1. Build the workflow

Parse the document, then extract the fields you need. Keep it simple to start.
eigenpal init workflow extract-statement
# edit workflow.yaml: ai.parse -> ai.extract (account, holder, transactions)
eigenpal workflow push

2. Define what correct means

Collect a handful of real statements and write down the right answer for each. That is your dataset: an input document plus the expected output. Then add evaluators that score a run against that expected output. For structured extraction, exact-diff checks the transactions and account fields match exactly. For the fuzzy parts, an llm-judge can grade something like “does this capture recurring salary credits and exclude refunds.” Evaluators are weighted and roll up to one score against a pass threshold.
# evaluators.yaml
evaluators:
  - type: exact-diff
    name: fields-match
    weight: 0.7
  - type: llm-judge
    name: salary-credits
    weight: 0.3
    passThreshold: 0.9
eigenpal workflow dataset push <workflow-id>
eigenpal workflow evaluators push <workflow-id>

3. Tune until it passes

Run an experiment across the whole dataset. You now have a number, not an opinion. Adjust the prompt, the schema, or the model and re-run until the score clears your threshold.
eigenpal workflow experiment run <workflow-id> --wait
eigenpal workflow experiment results <workflow-id> <batchId>

4. Ship it

Run it for real.
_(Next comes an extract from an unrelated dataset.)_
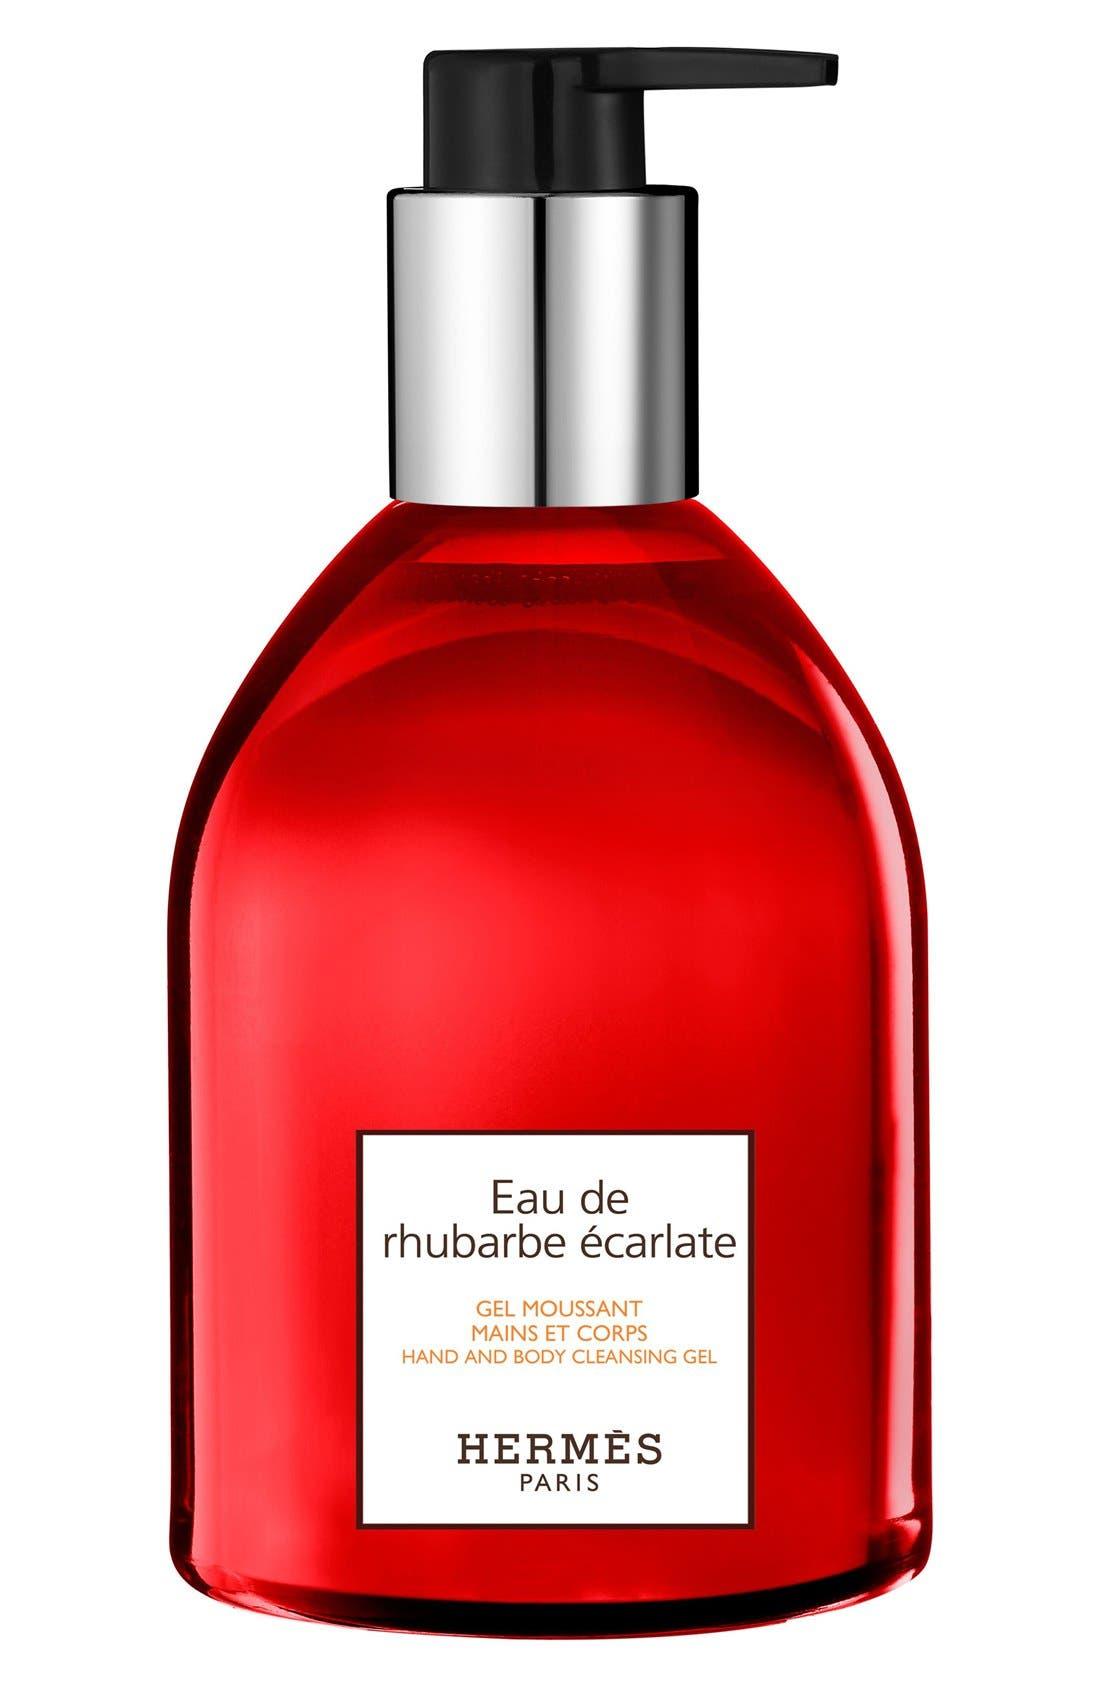 Hermès Eau de Rhubarbe Écarlate - Hand and Body Cleansing Gel

Every run is stored with its inputs, outputs, model versions, and scores, which is what makes the next step possible.
eigenpal run workflows.extract-statement -F document=@statement.pdf

5. Catch a miss

A statement comes in with a layout you never tested, and the workflow drops one transaction. You find it by inspecting the run.
eigenpal runs trace <run-id>

6. Make the miss a permanent test

This is the part that compounds. Instead of patching and moving on, capture the corrected output for that document and add it to the evaluation dataset. The production failure is now a test case.
# capture the corrected expected output for the failing run, then add it as an example
eigenpal runs expected pull <run-id>      # edit to the correct answer
eigenpal workflow dataset example create <workflow-id> --name layout-edge -F document=@statement.pdf
Re-run the experiment. From now on, no change can reintroduce that mistake without an evaluation flagging it.
eigenpal workflow experiment run <workflow-id> --wait

7. Improve with confidence

Because the quality bar is fixed by evaluations, you can change things freely and let the experiment tell you whether you helped or hurt. Swap to a cheaper model, re-run, and keep it only if it still passes (see Optimize cost). Push a new version and compare it to the last one before deploying.
eigenpal workflow experiment compare <oldBatchId> <newBatchId>
That is the whole loop. The dataset grows with every issue you have ever seen, and quality becomes visible, measurable, and auditable instead of a matter of spot checks.